**TASK DIRECTIONS:**
Below is a listing to repeat exactly, with its pictures left out.

===== DATA BLOCK

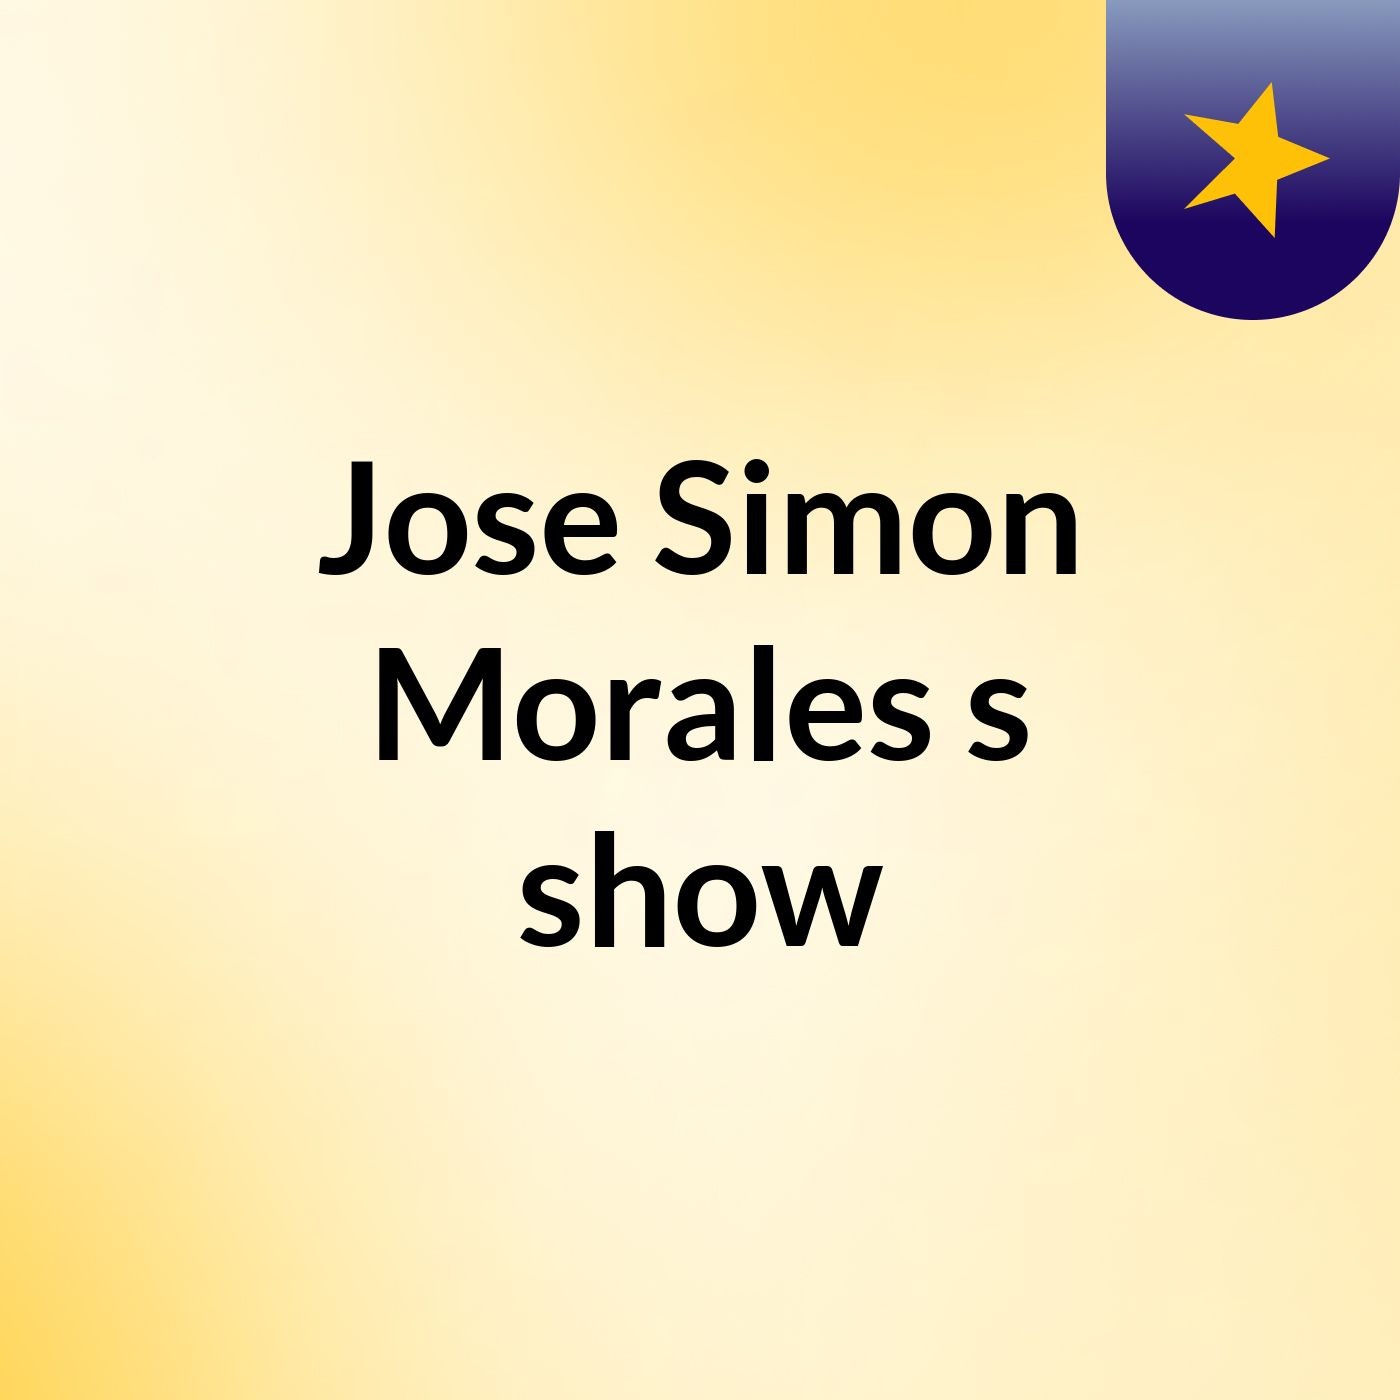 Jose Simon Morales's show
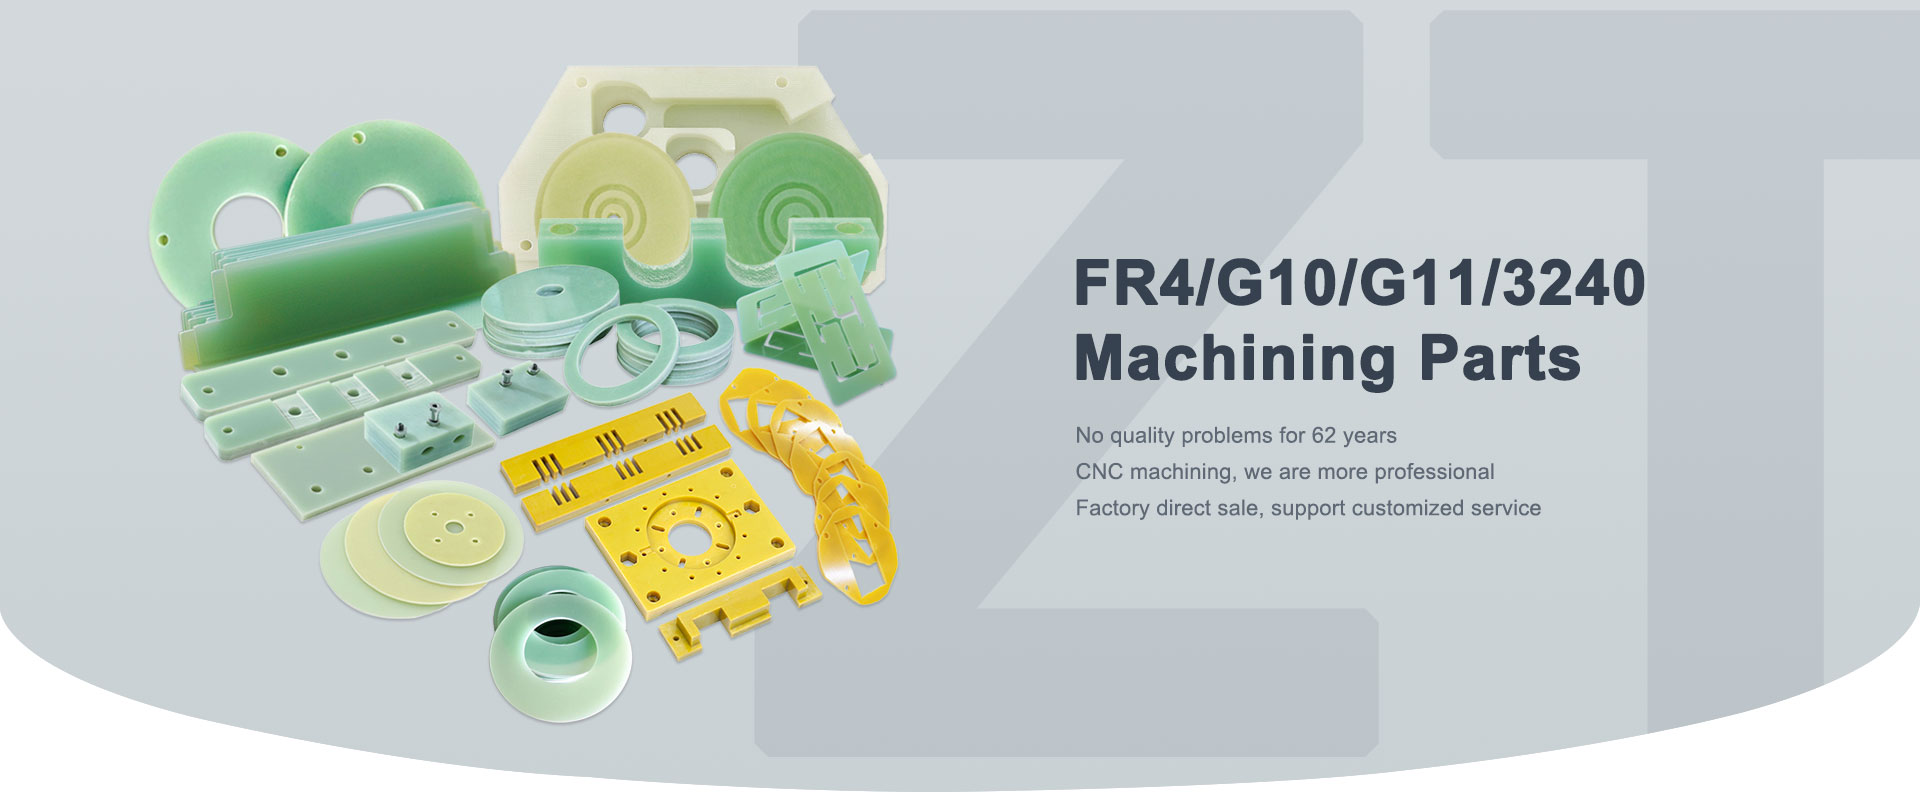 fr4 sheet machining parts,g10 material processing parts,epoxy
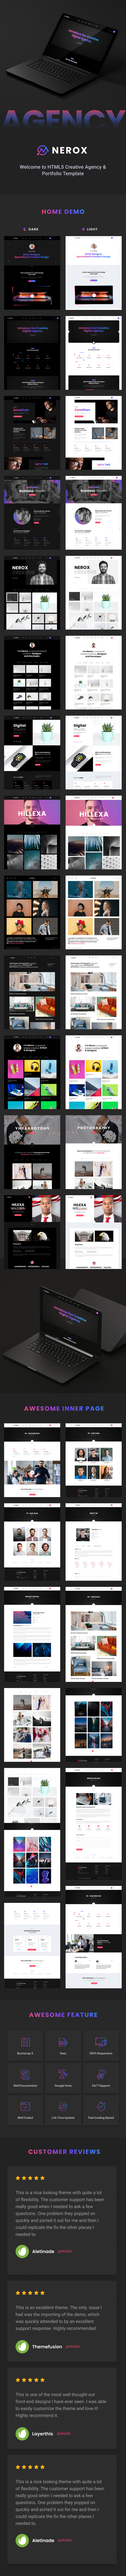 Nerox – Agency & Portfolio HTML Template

==========

**SOLUTION TO THE PROBLEM:**
 Jose Simon Morales's show
 fr4 sheet machining parts,g10 material processing parts,epoxy
 Nerox – Agency & Portfolio HTML Template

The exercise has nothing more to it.